Михаил Сергеевич был рад, что его Захарик немного развеселилась.
— А какая светлая была комната: целых три окна, выходящих в сад! О, Ми! Это было наше с тобой первое совместное жилище! Как… как мы были счастливы тогда, помнишь?
— Конечно, Захарик. Хотя жилось нам совсем нелегко.
— Да! Чтобы протопить эту чёртову печь, мы покупали дрова и уголь! А готовила я в крохотном коридорчике на керосинке.
— А помнишь, Захарик, ту огромную коммуналку, где мы жили потом? Мне сначала казалось, что там комнат пятнадцать, не меньше, а народу было…

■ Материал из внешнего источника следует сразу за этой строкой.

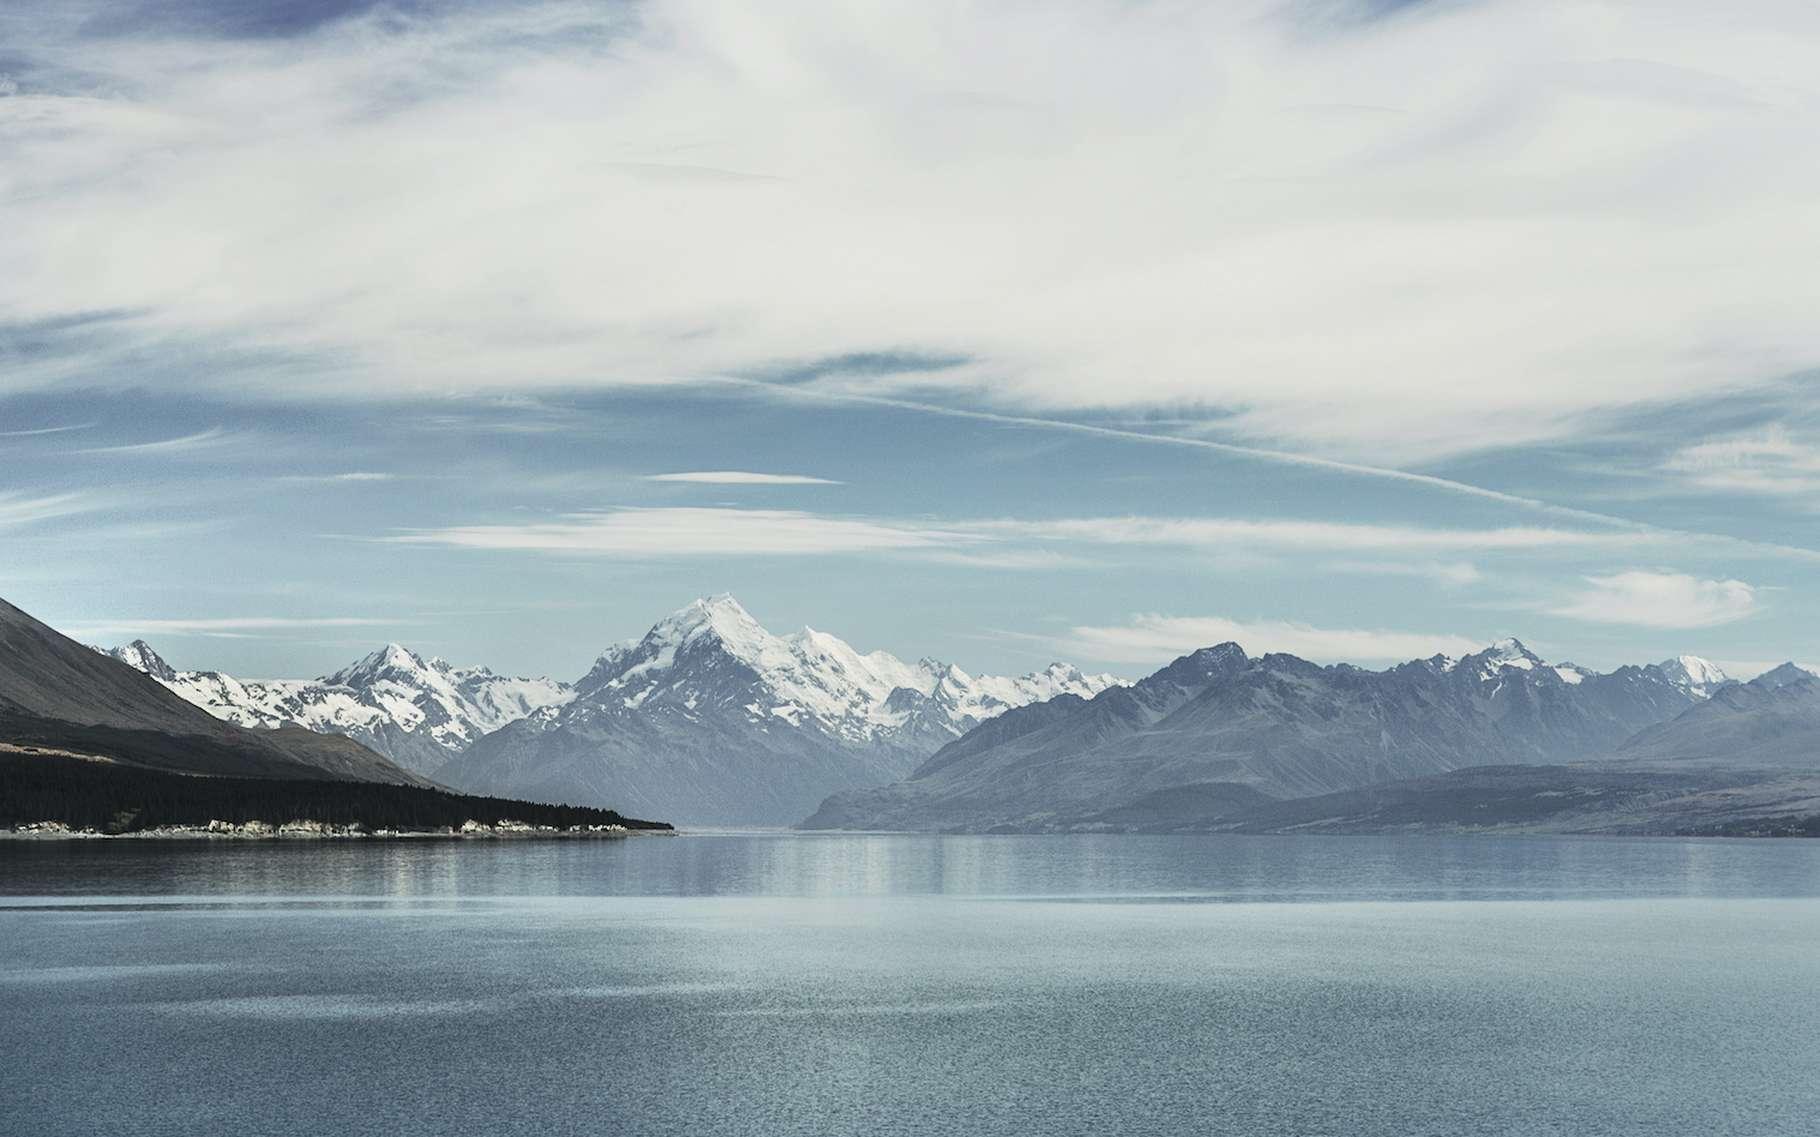 En étudiant les mouvements des glaciers de montagne dans l'hémisphère sud, des chercheurs de l'université du Maine (États-Unis) ont mis au jour un mécanisme, le Zealandia Switch, qui pourrait expliquer le cycle des âges de glace. Ici, le lac Pukaki, formé après le recul d'un glacier de montagne comme ceux qu'ils ont étudiés il y a environ 18.000 ans, à la fin de l'ère glaciaire. © Joshua, Adobe Stock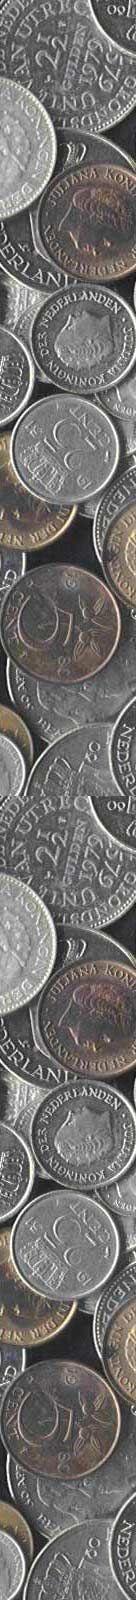 Rijksdaalders, guldens, kwartjes, dubbeltjes, stuivers en centen.

— Комнат было всего восемь, Ми, — рассмеялась Раиса Максимовна. — А народу было действительно очень много. Чтобы умыться и сходить в туалет, приходилось порой ждать своей очереди.
— Да, это было целое маленькое государство. И как-то мы все там умудрялись ладить, вот что удивительно.
— Ми, я помню одно твоё письмо мне — из твоей командировки. Что-то такое… «Дипломатические отношения с суверенными единицами должна поддерживать ты. Надеюсь, не без гордости будешь проводить нашу внешнюю политику. Только не забывай при этом принцип взаимной заинтересованности».
Оба, и Михаил Сергеевич, и Раиса Максимовна, рассмеялись.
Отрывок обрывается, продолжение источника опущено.